**** Data supplied ****

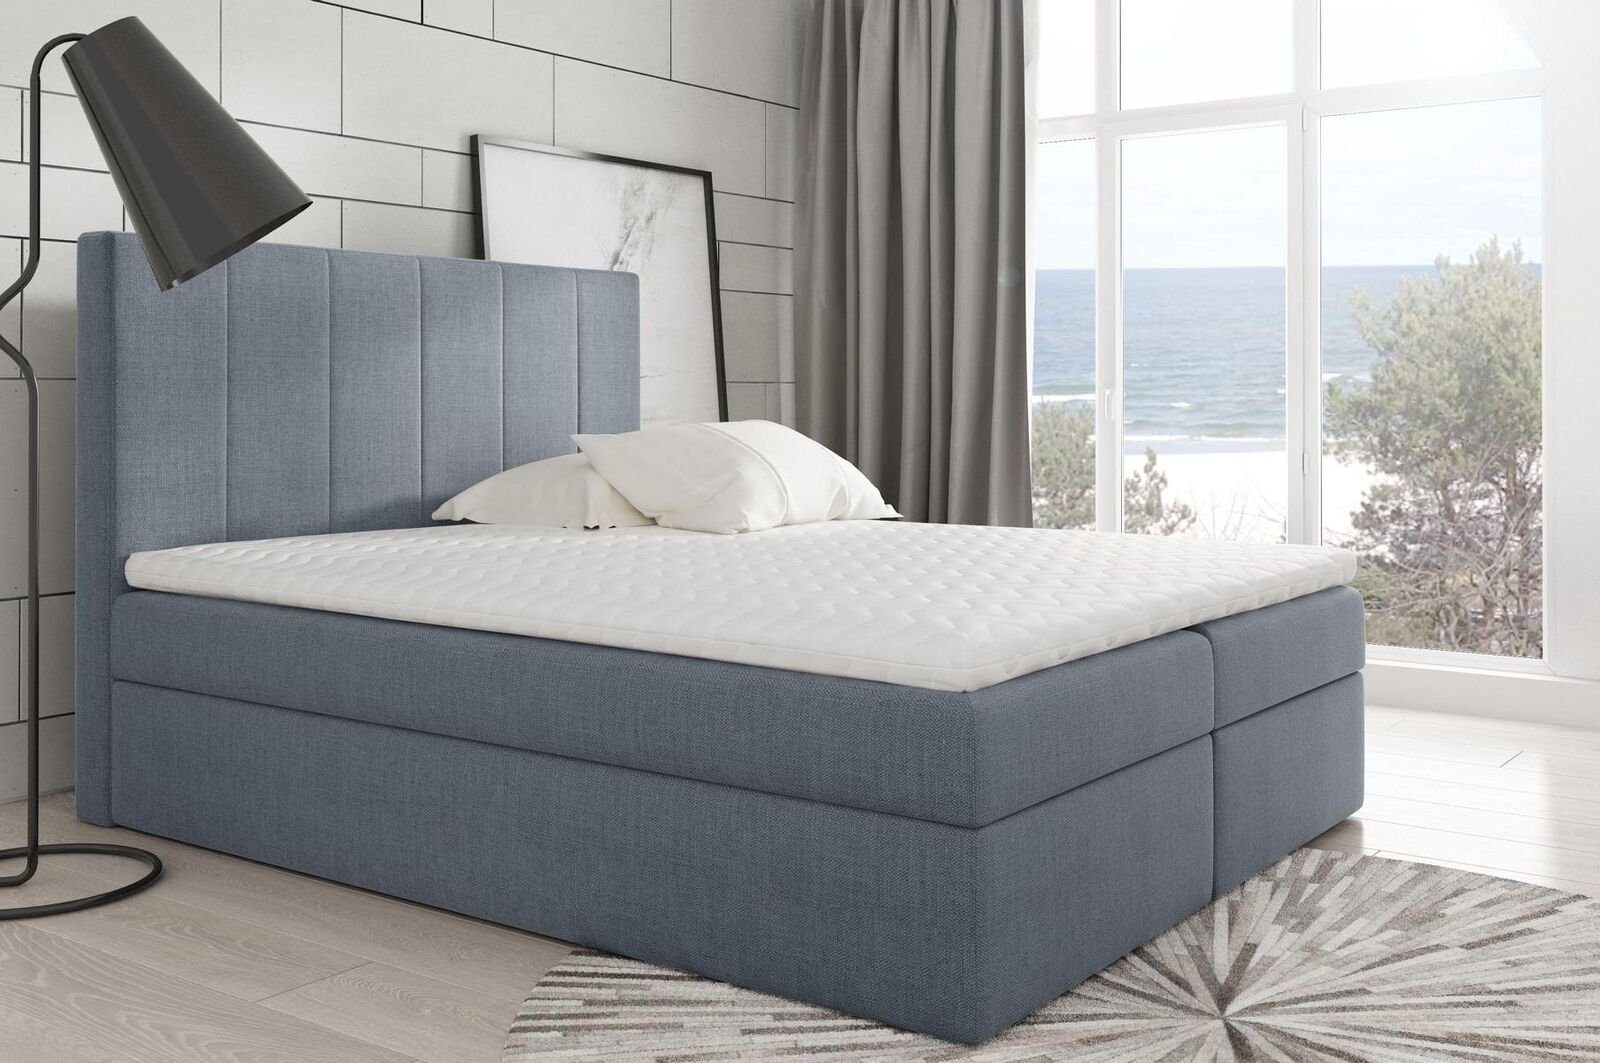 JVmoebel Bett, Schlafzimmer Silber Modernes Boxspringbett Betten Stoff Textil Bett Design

****
**** Data supplied ****

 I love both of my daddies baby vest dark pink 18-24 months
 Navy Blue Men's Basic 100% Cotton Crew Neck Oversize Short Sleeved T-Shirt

****
**** Data supplied ****

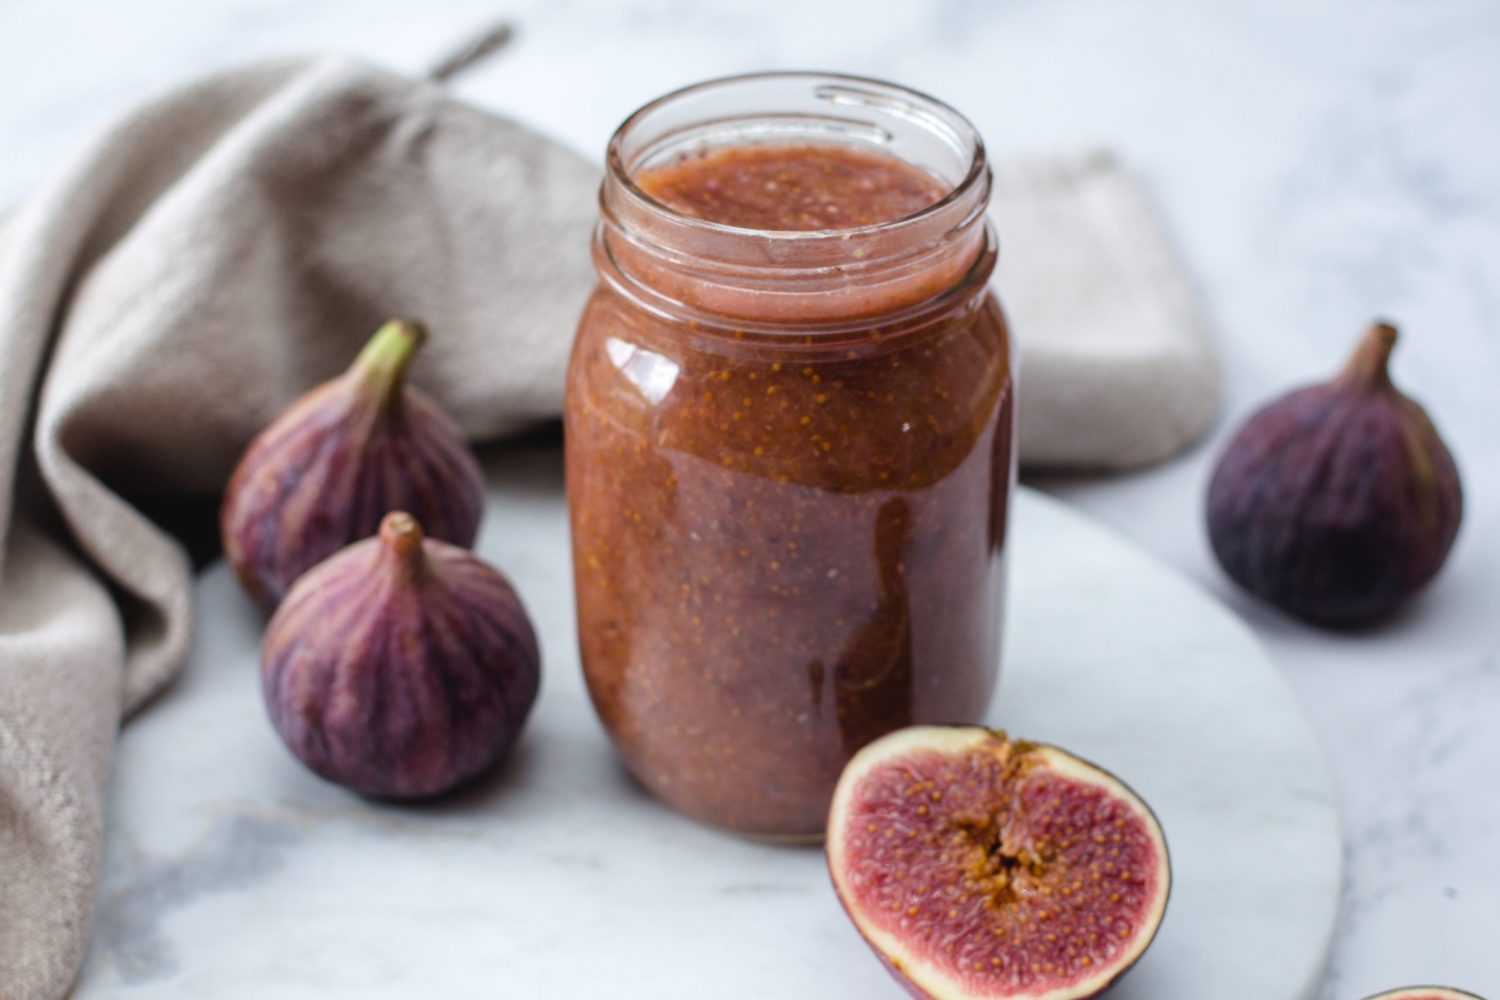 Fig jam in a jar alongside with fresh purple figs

****

__Activity__: Starting at the line that contains "I love both" and stopping after the line that contains "Navy Blue Men's", write out every line exactly as it appears above, and no other line.

__Problem solution__:
 I love both of my daddies baby vest dark pink 18-24 months
 Navy Blue Men's Basic 100% Cotton Crew Neck Oversize Short Sleeved T-Shirt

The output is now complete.